**TASK DESCRIPTION**
Given the material below, output exactly the lines from the line with "Our CEO, @OlakunleWiliams" to the line with "#TetracoreEnergyGroup #GBIS2024 #Tetracore", both ends included, and no other lines.

::: SUPPLIED MATERIAL :::

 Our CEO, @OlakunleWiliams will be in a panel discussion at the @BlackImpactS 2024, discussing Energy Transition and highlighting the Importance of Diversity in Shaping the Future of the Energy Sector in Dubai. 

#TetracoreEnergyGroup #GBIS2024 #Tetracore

:::
::: SUPPLIED MATERIAL :::

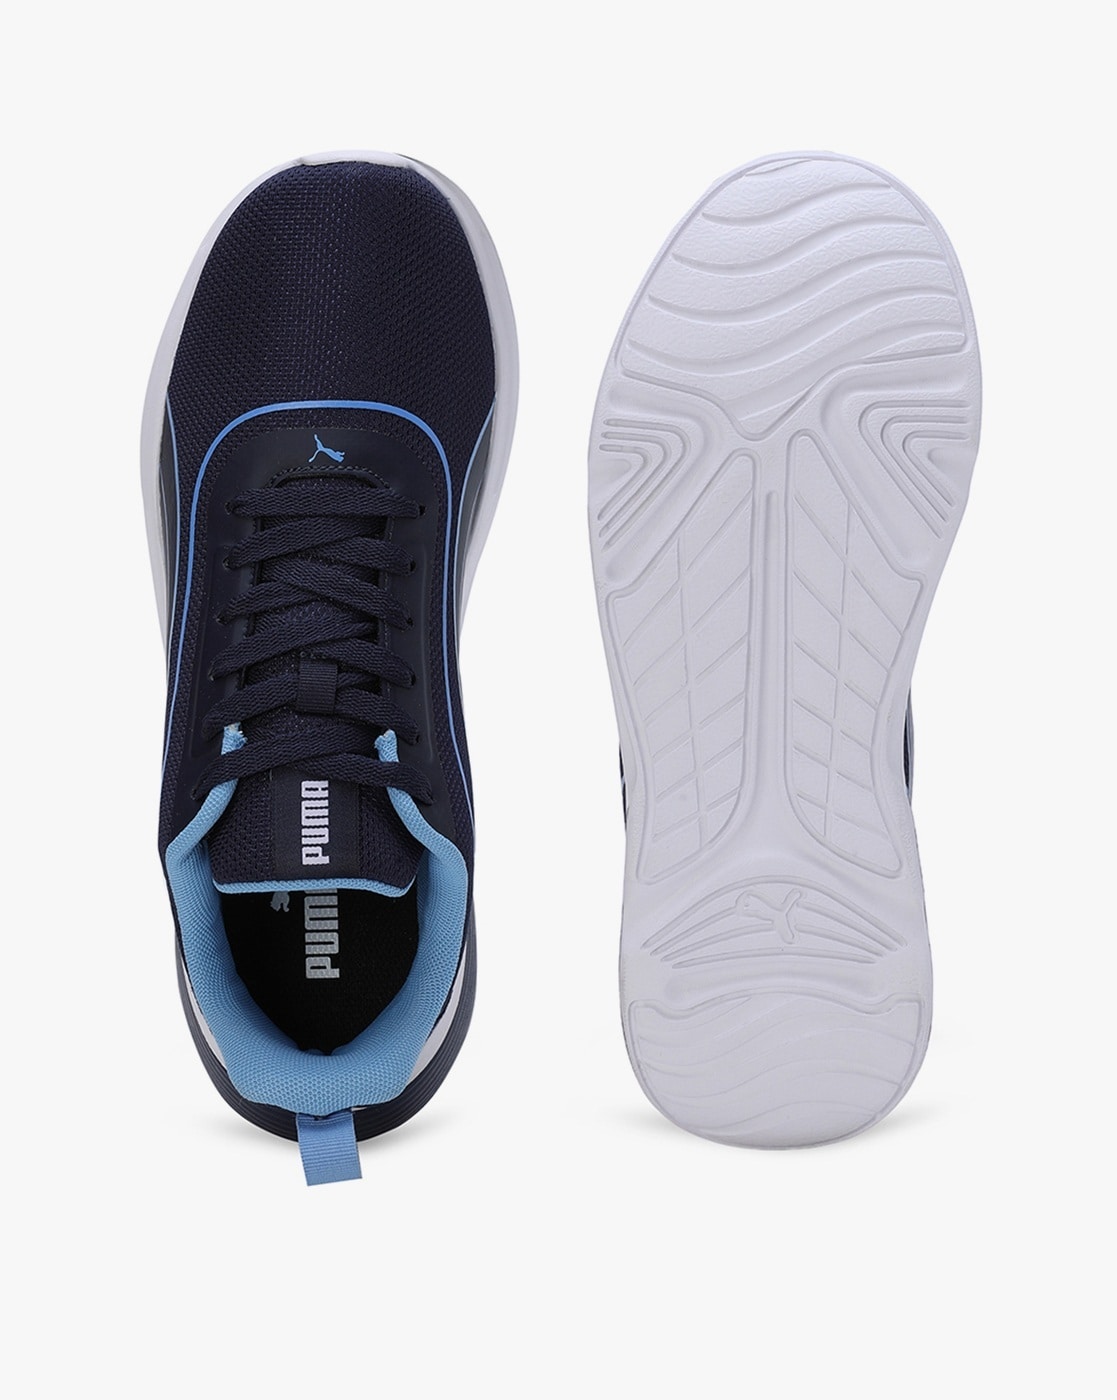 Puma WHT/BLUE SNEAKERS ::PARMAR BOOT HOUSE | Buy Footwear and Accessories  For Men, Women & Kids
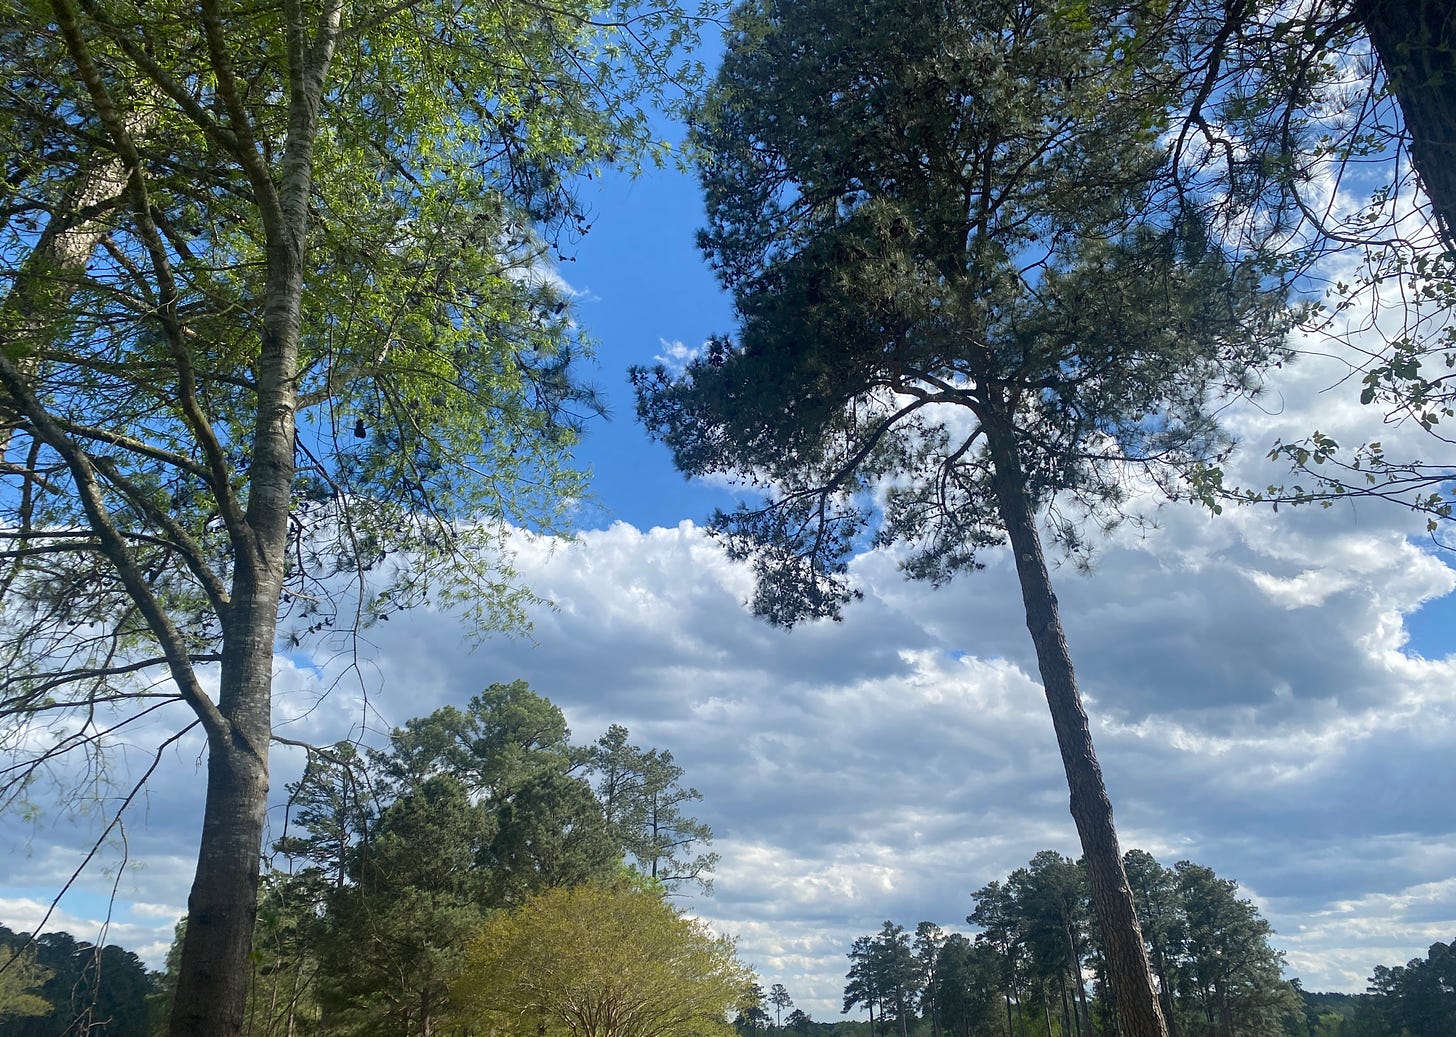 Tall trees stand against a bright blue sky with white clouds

:::

**TASK OUTPUT**
 Our CEO, @OlakunleWiliams will be in a panel discussion at the @BlackImpactS 2024, discussing Energy Transition and highlighting the Importance of Diversity in Shaping the Future of the Energy Sector in Dubai. 

#TetracoreEnergyGroup #GBIS2024 #Tetracore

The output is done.